At the opposite end of the spectrum is another packaged water product that is available in Grand Rapids, Bling H2O. While not made here, it’s worth noting because it’s so horribly offensive.

It’s sold at the 1913 Room located in the Amway Grand Plaza downtown and goes for a whopping $64 dollars per 750ml bottle. It’s sold as a pure status symbol to appeal to the “super-luxury market.” Its website says:

It’s couture water that makes an announcement like a Rolls Royce Phantom… the “Cristal” of bottled water.

The water comes packaged in a frosted glass bottle that is “exquisitely handcrafted with Swarovski crystals.” The 60 crystals spell out the word “bling.” At the Amway Grand Plaza:

The restaurant serves Bling H2O with tulip-shaped flutes atop sterling silver wine coasters.

A rose is placed into every empty bottle to dress up what Chad LeRoux, director of marketing for the hotel, calls “a novelty item that you can take away with you as a memory of the 1913 Room.”

Unlike Boxed Water Is Better, Bling H2O makes no claims of sustainability.
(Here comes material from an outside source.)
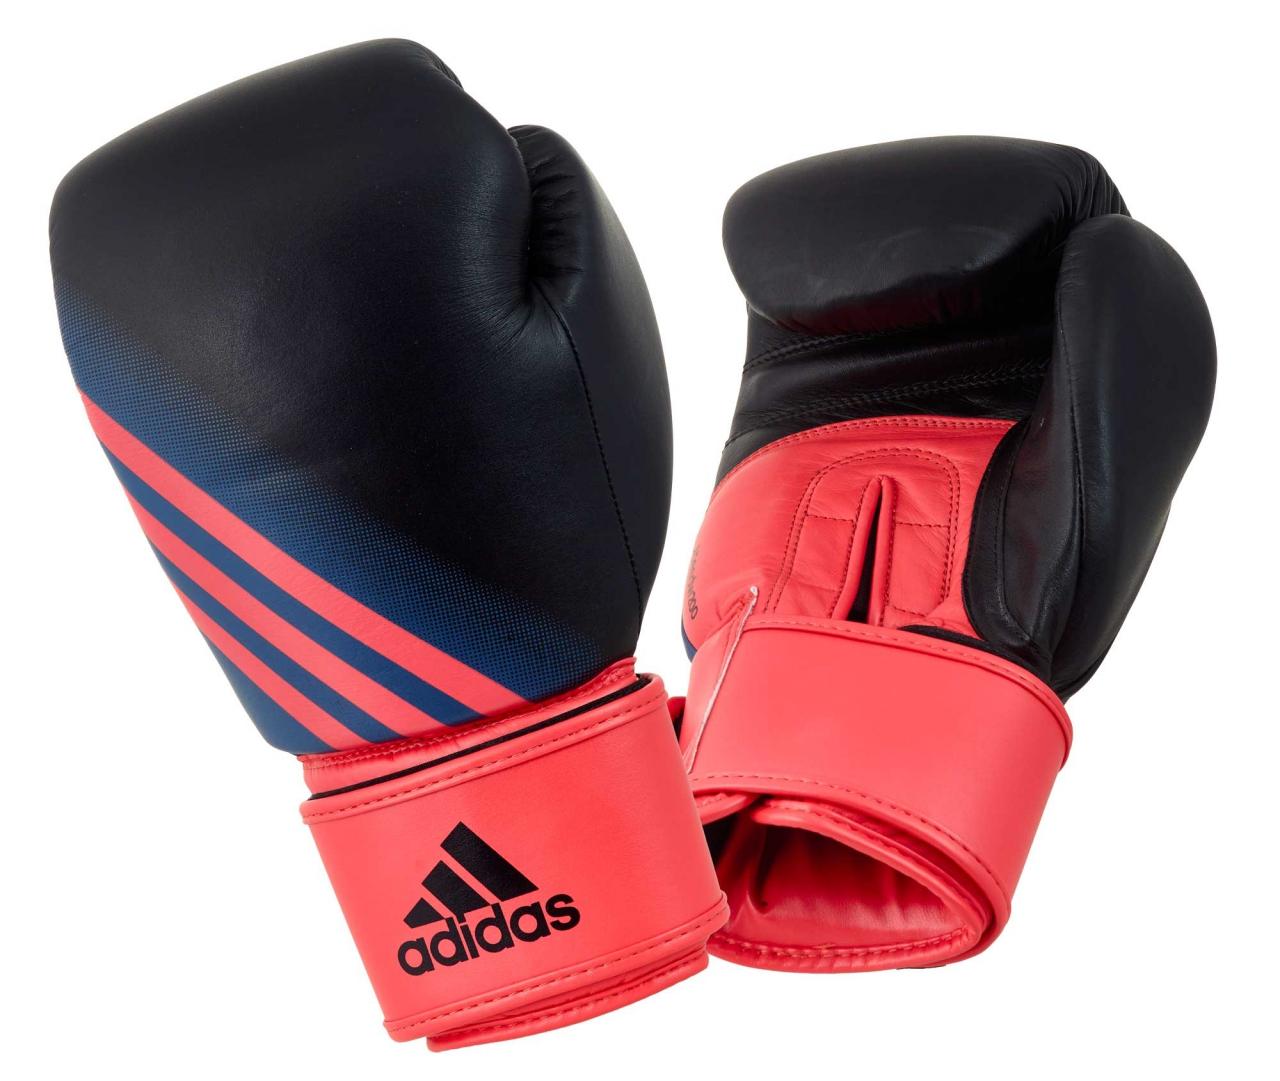 Adidas Speed 200 W Boxhandschuhe in schwarzshock rot
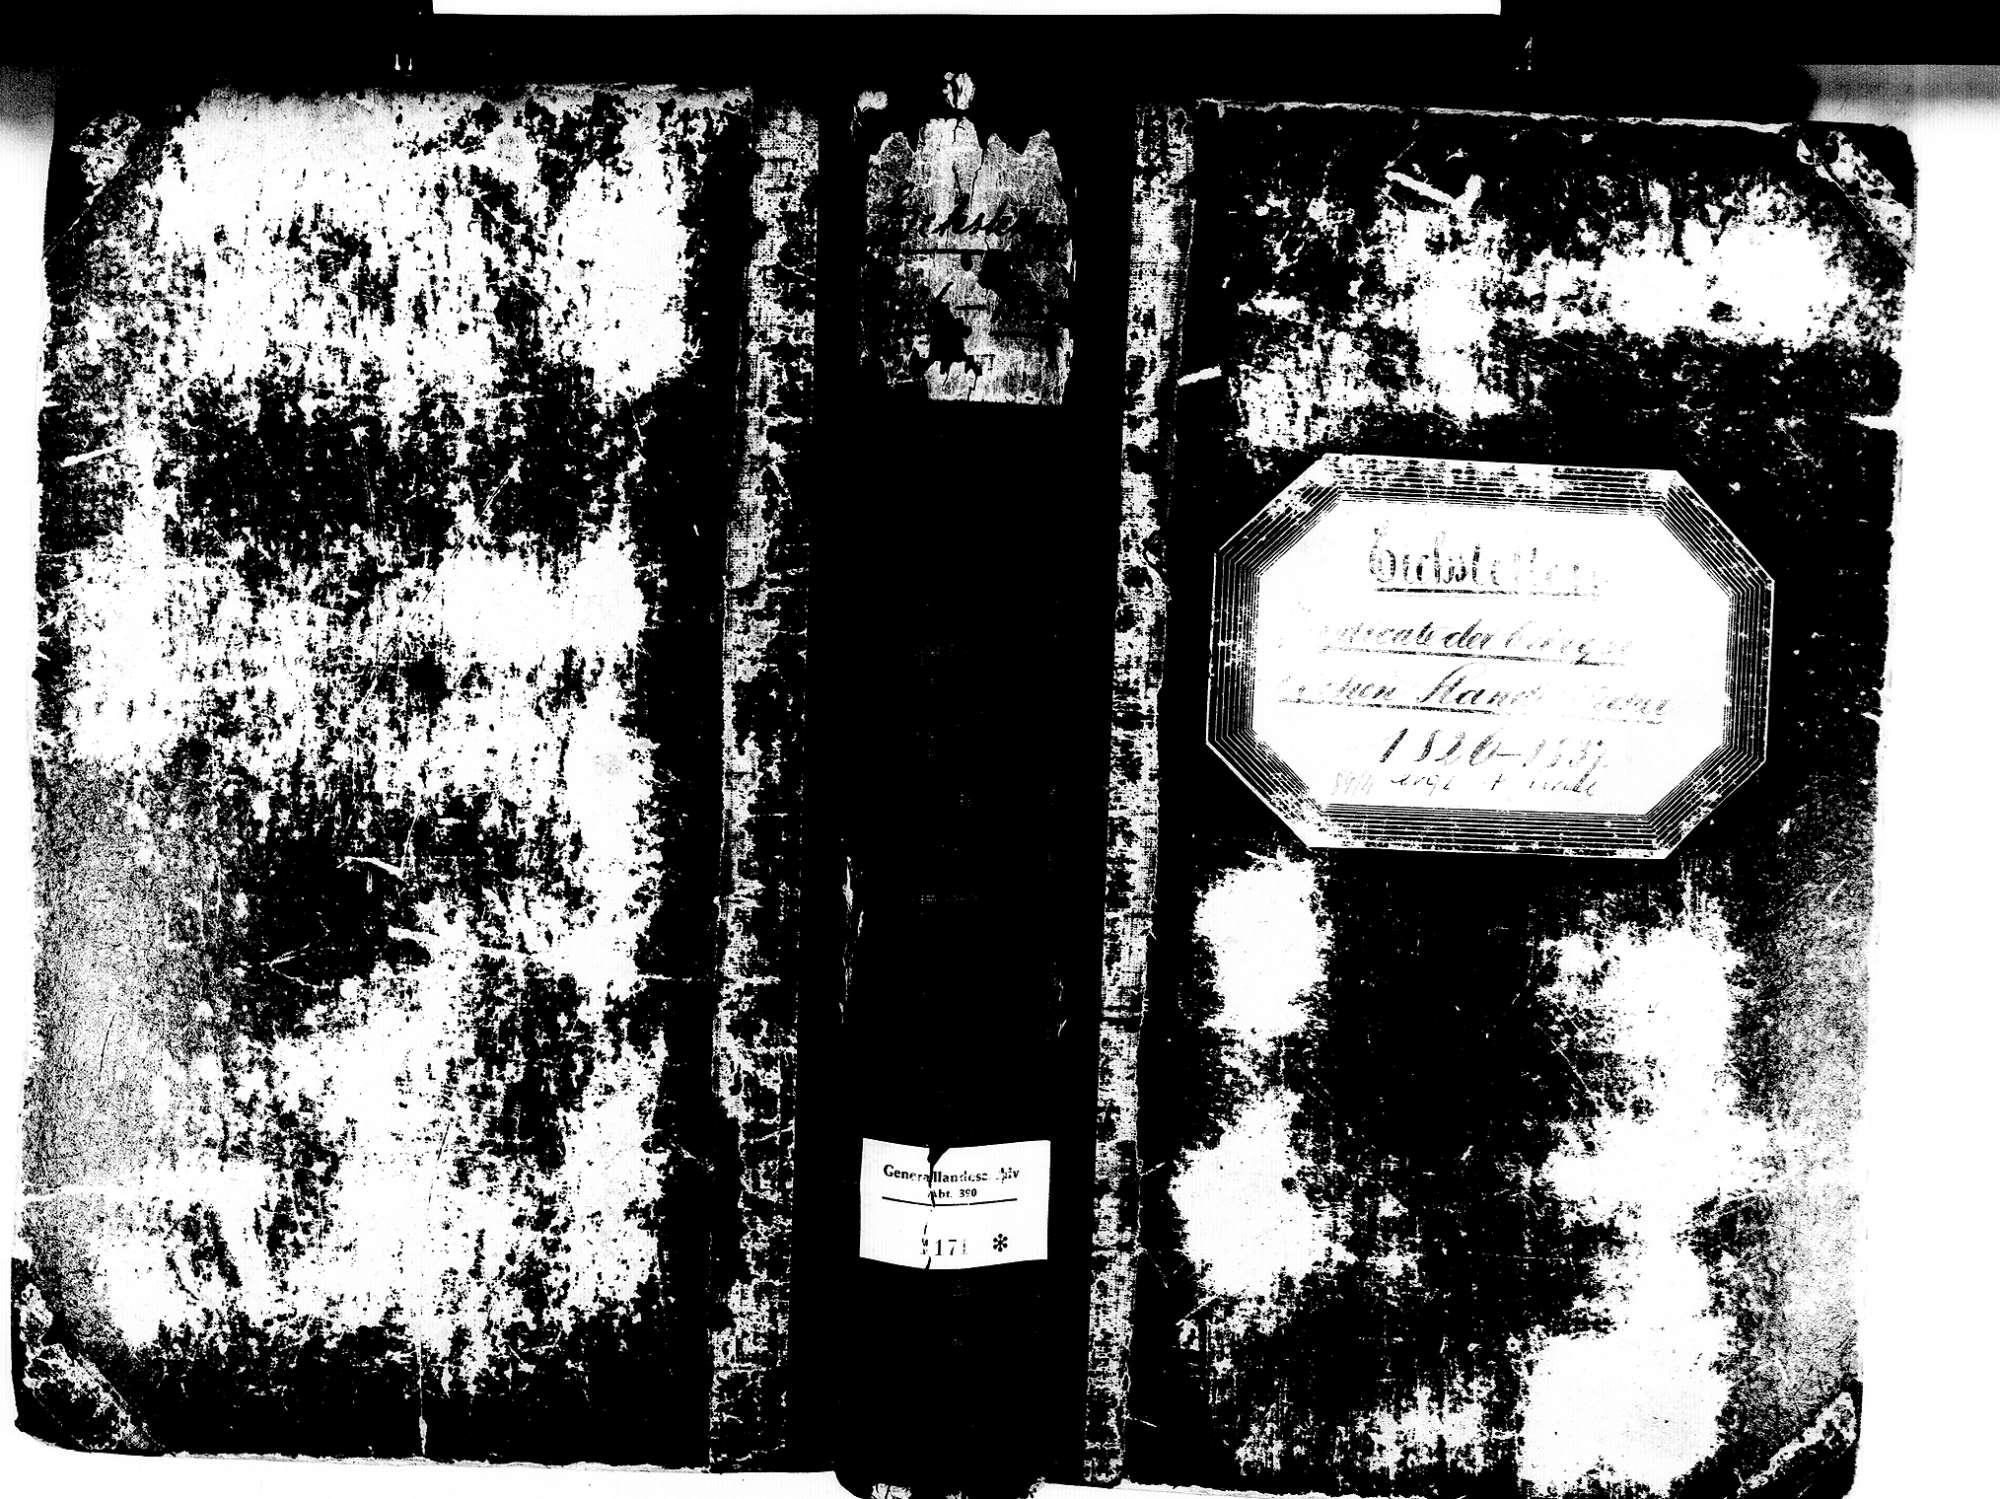 Eichstetten FR; Evangelische Gemeinde: Standesbuch 1826-1837 Eichstetten FR; Israelitische Gemeinde: Standesbuch 1826-1837, Bild 1

Instead, it says only that its water comes from an undisclosed source in Dandridge, Tennessee. The company says it goes through a nine-step purification process, but with no universal standards for bottled water, it’s impossible to know if it is really any “better” than other water. From there, the water is shipped to high-end hotels and restaurants around the world, a process that results in an untold number of CO2 emissions. The only real mention of the environment comes in the claim that the bottles are “reusable.”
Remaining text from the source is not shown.